[Information supplied Boundary: Start]

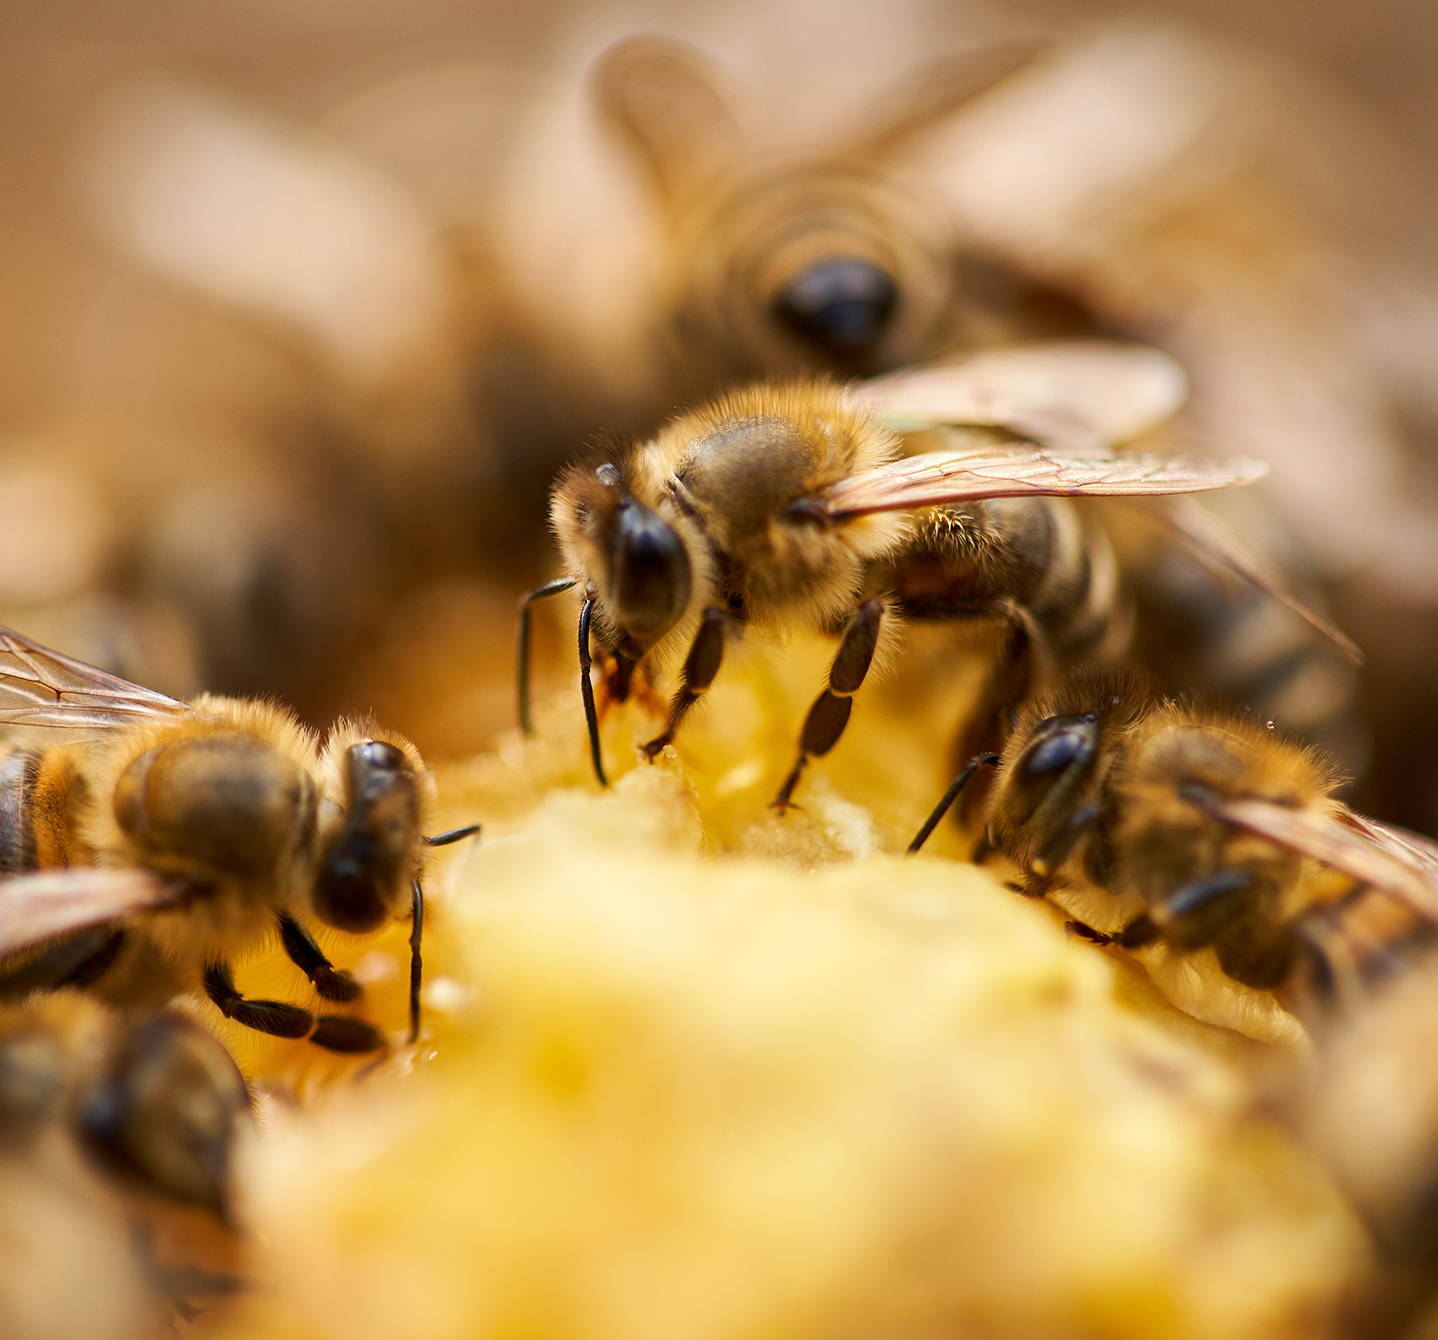 Co je alergie na včelí bodnutí? Tyto včely sbírají nektar. Jed z jejich žihadla může u některých lidí způsobit alergickou reakci
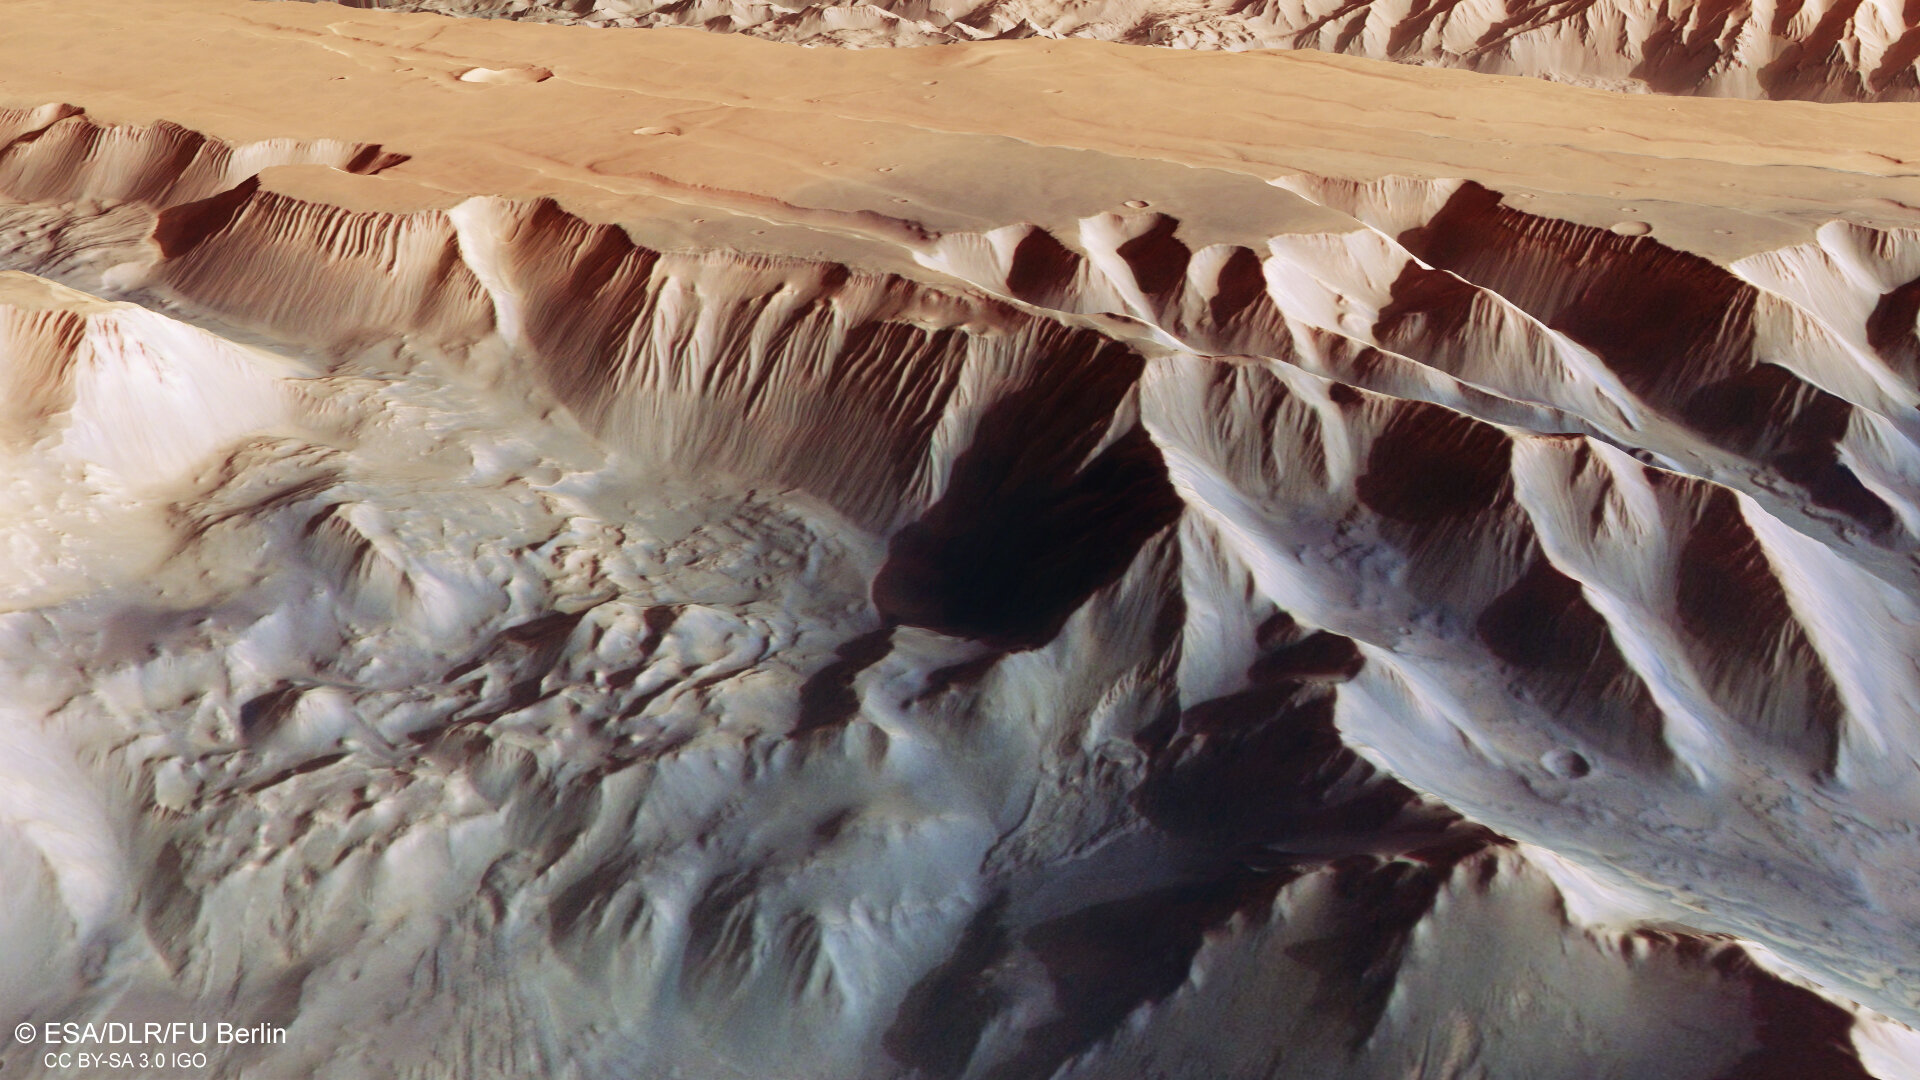 Этот наклонный перспективный вид Chasmata tithonium, который является частью структуры Valles Marineris на Марсе, был создан на основе цифровой модели местности, аналоговых и цветных каналов стереокамеры высокого разрешения на борту Mars Express Европейского космического агентства.
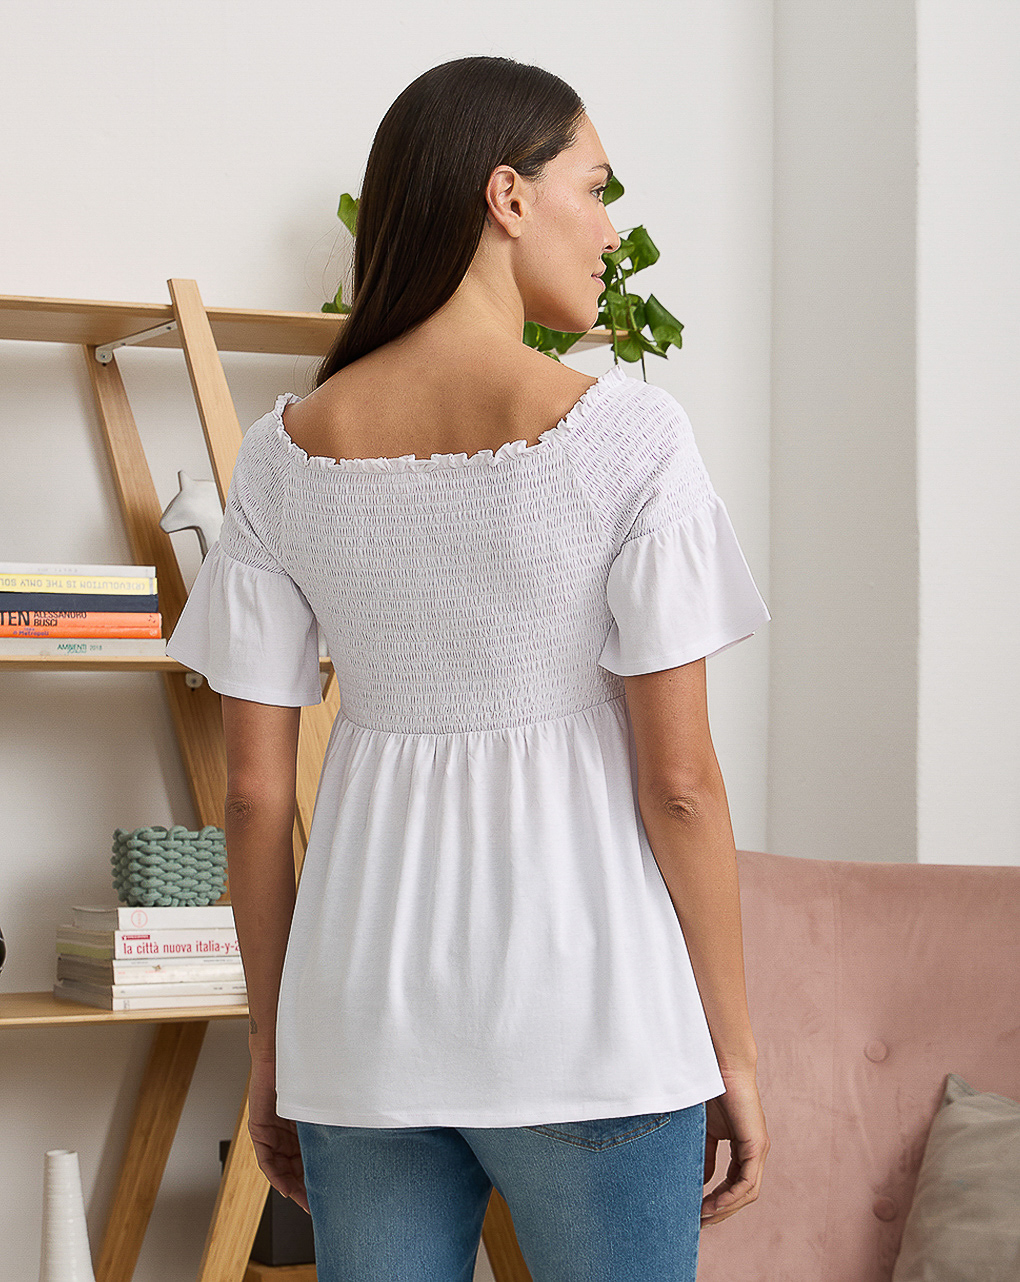 γυναικείο t-shirt εγκυμοσύνης/θηλασμού λευκό με σφηκοφωλιά - Prénatal

[Information supplied Boundary: End]

Work to be completed
Copy every line of the listing above exactly. Leave each picture out.

Response to the exercise
 Co je alergie na včelí bodnutí? Tyto včely sbírají nektar. Jed z jejich žihadla může u některých lidí způsobit alergickou reakci
 Этот наклонный перспективный вид Chasmata tithonium, который является частью структуры Valles Marineris на Марсе, был создан на основе цифровой модели местности, аналоговых и цветных каналов стереокамеры высокого разрешения на борту Mars Express Европейского космического агентства.
 γυναικείο t-shirt εγκυμοσύνης/θηλασμού λευκό με σφηκοφωλιά - Prénatal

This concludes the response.